# [DATA FOR REVIEW]
◆ ◆ ◆ ◆ ◆ ◆ ◆
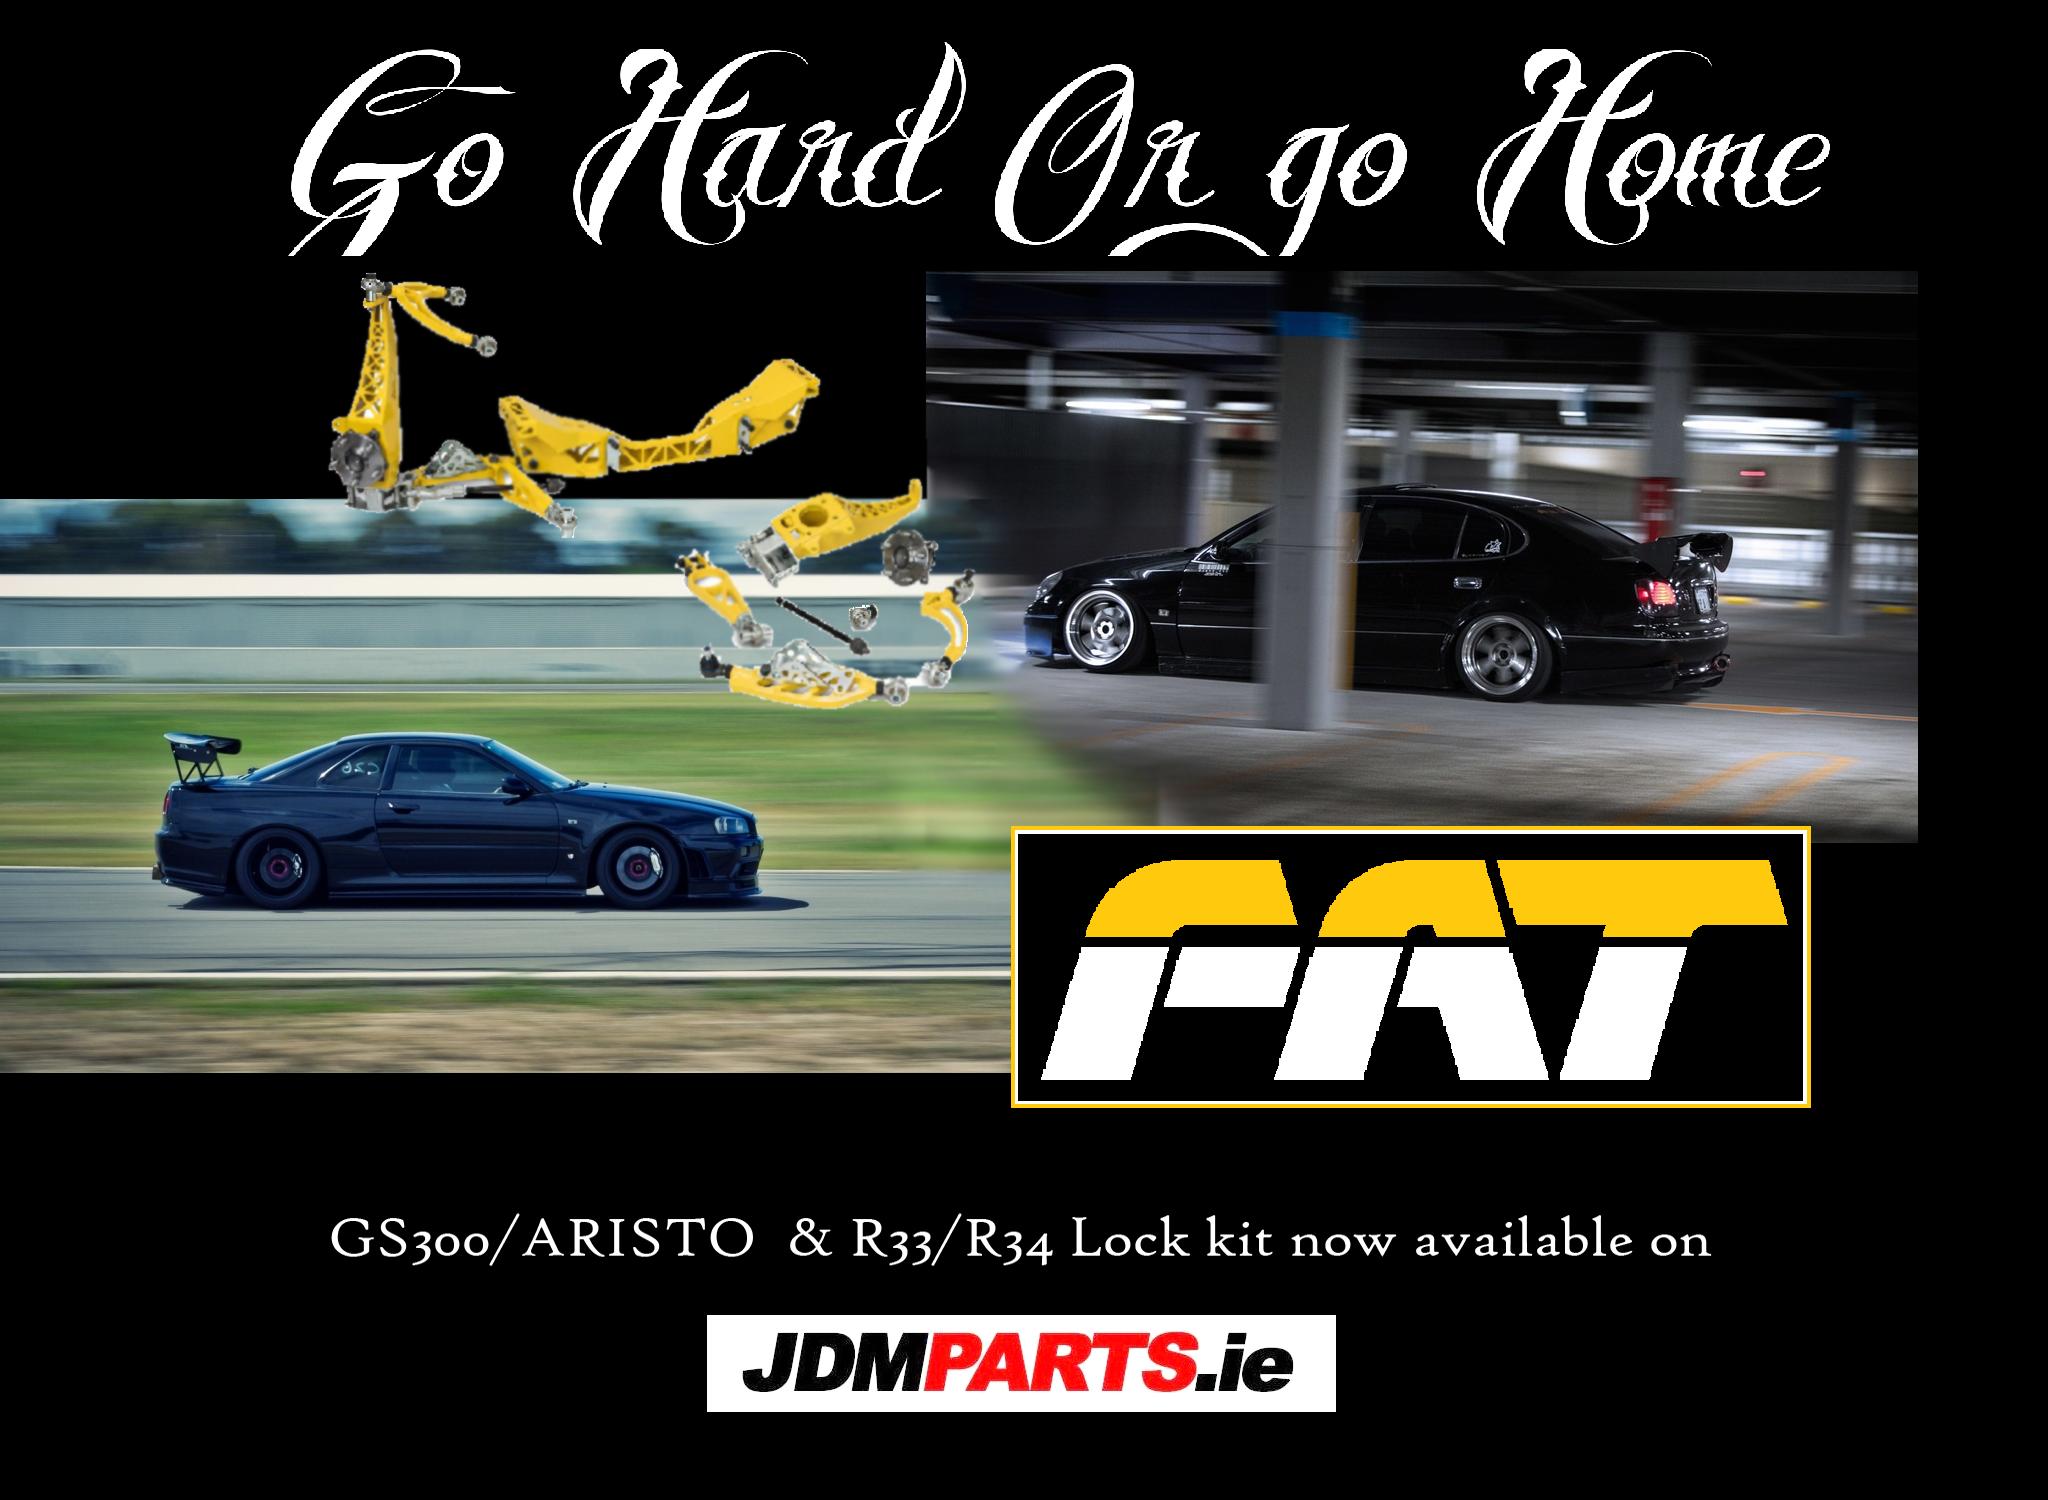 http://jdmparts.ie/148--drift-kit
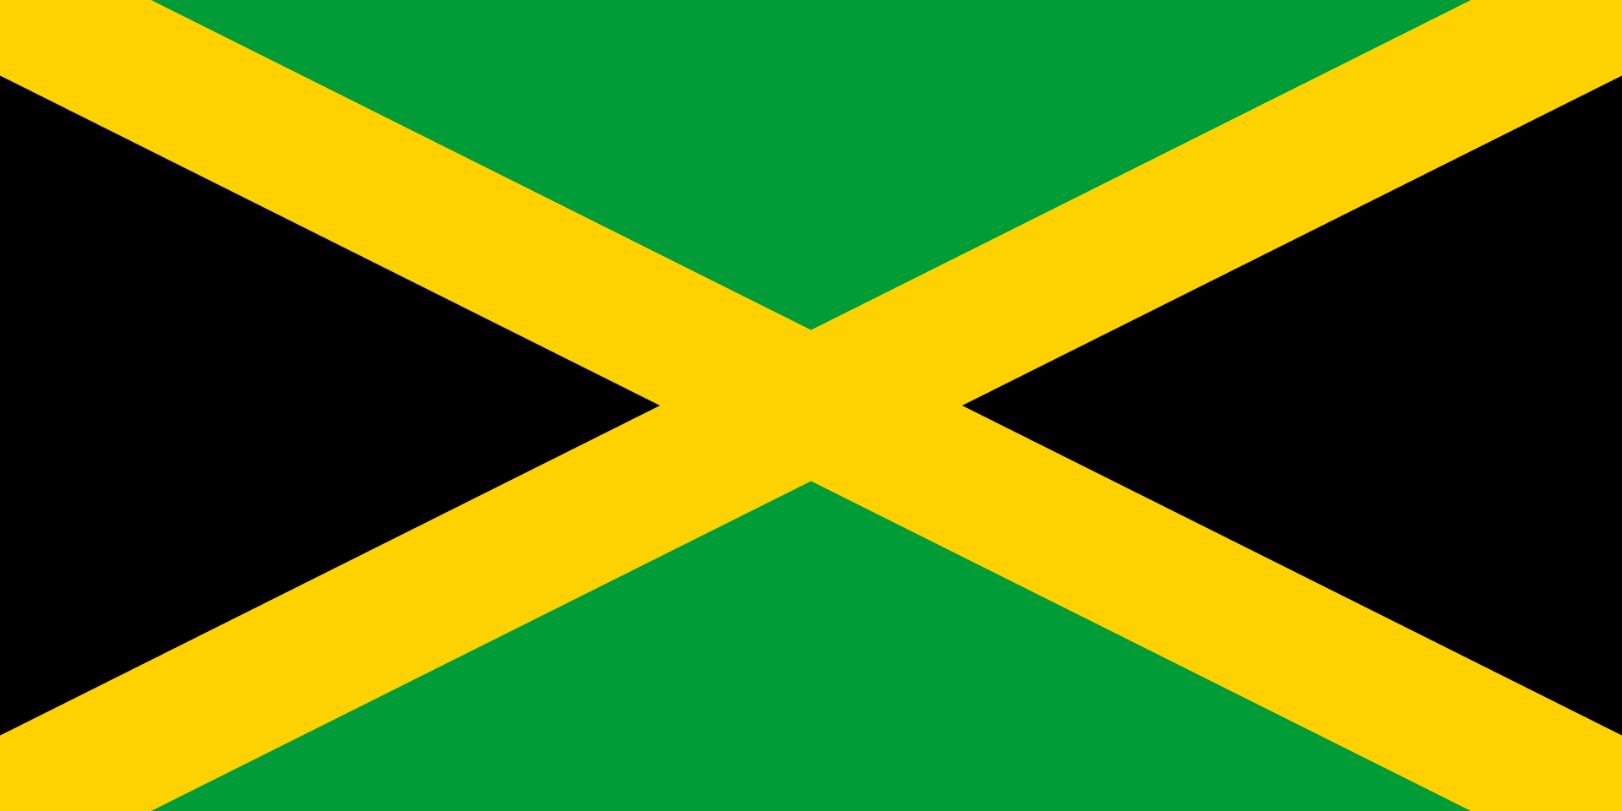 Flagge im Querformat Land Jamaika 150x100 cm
◆ ◆ ◆ ◆ ◆ ◆ ◆
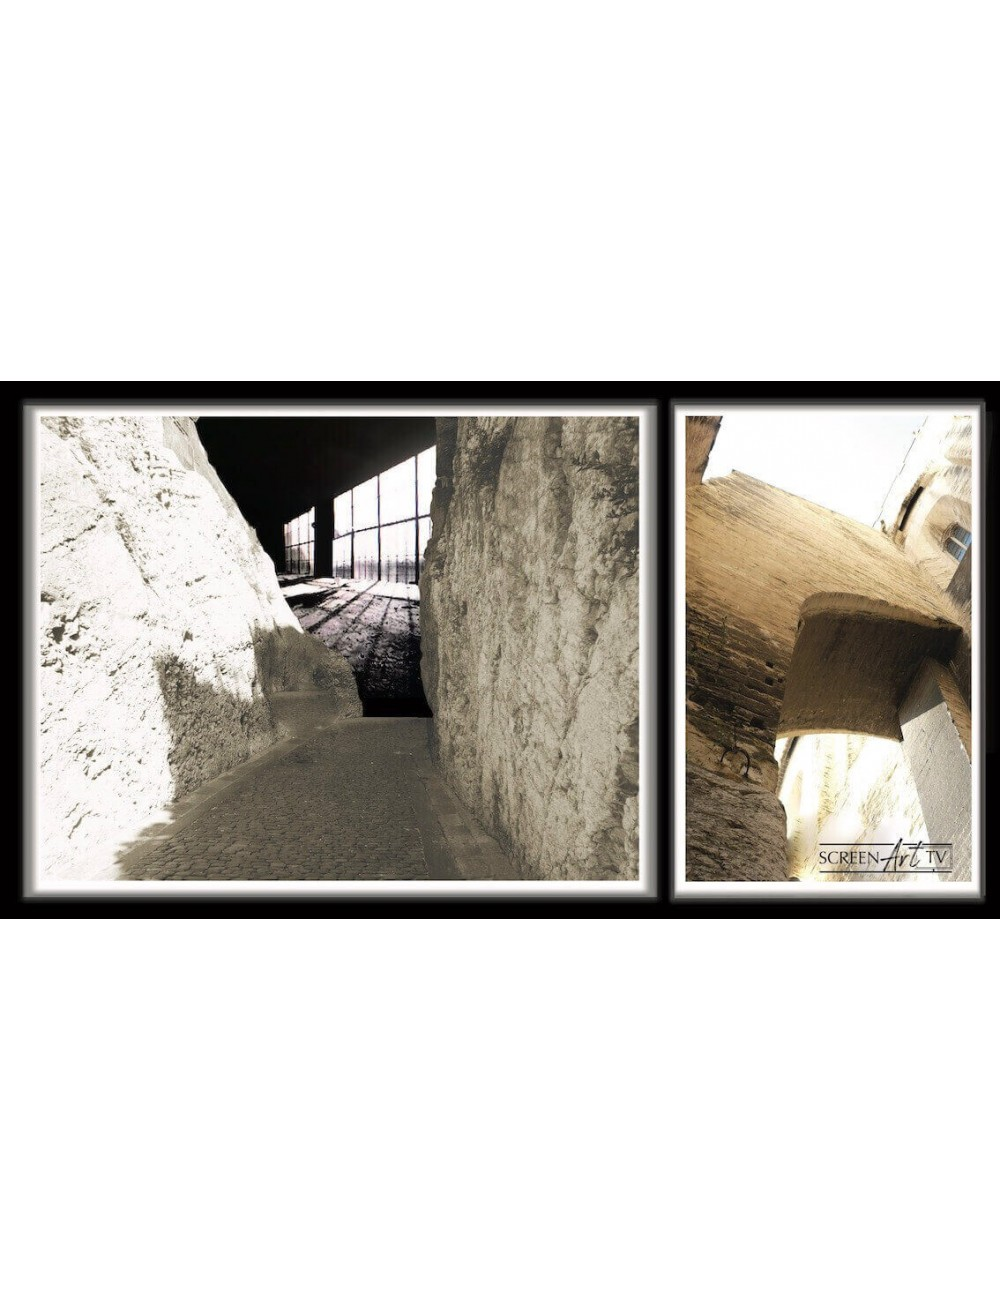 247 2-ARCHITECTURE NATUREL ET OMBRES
◆ ◆ ◆ ◆ ◆ ◆ ◆
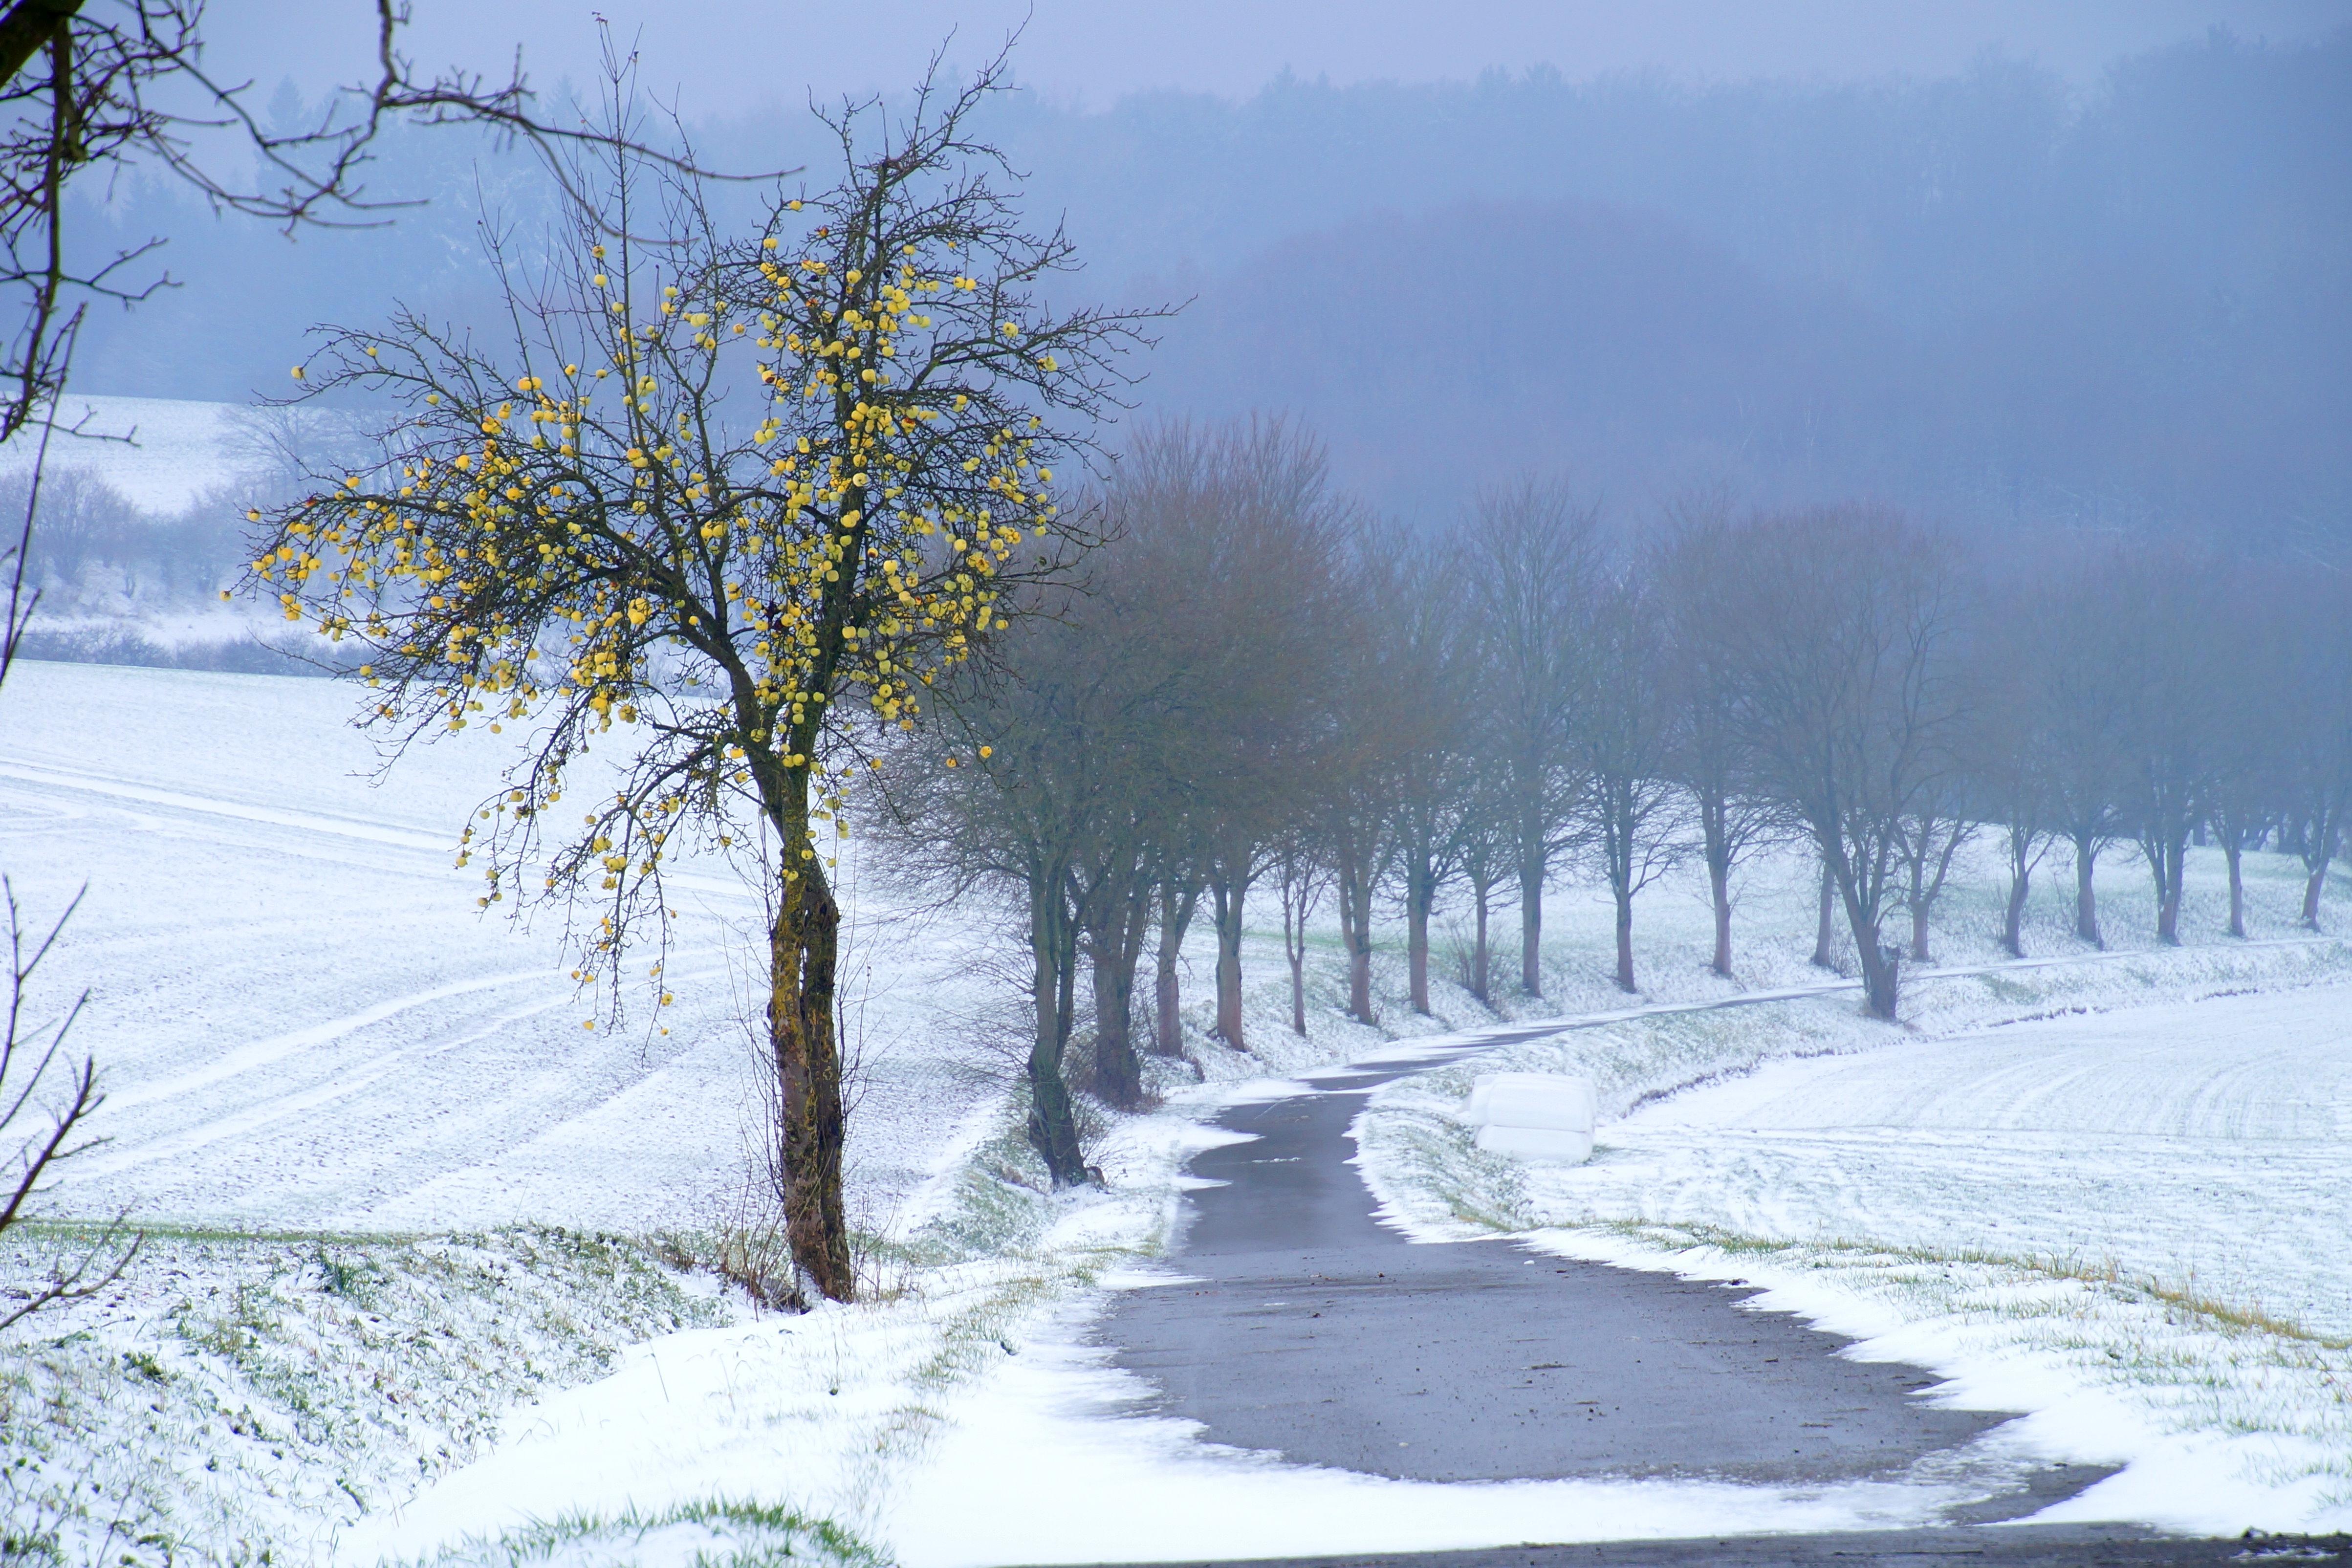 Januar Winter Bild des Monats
◆ ◆ ◆ ◆ ◆ ◆ ◆
# [WHAT NEEDS TO BE DONE]
Whatever pictures the records hold, omit them; give again exactly the lines from the one containing "http://jdmparts.ie/148--drift-kit" through the one containing "Flagge im Querformat Land Jamaika 150x100 cm".

# [FINAL ANSWER]
 http://jdmparts.ie/148--drift-kit
 Flagge im Querformat Land Jamaika 150x100 cm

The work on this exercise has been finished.